Work to be completed: Output the data below exactly. Leave nothing out.

Records supplied:

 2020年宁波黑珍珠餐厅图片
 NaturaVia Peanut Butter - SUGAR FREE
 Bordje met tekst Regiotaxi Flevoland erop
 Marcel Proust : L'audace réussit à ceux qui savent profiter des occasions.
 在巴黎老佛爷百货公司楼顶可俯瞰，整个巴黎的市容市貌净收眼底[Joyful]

Response to the exercise:
 2020年宁波黑珍珠餐厅图片
 NaturaVia Peanut Butter - SUGAR FREE
 Bordje met tekst Regiotaxi Flevoland erop
 Marcel Proust : L'audace réussit à ceux qui savent profiter des occasions.
 在巴黎老佛爷百货公司楼顶可俯瞰，整个巴黎的市容市貌净收眼底[Joyful]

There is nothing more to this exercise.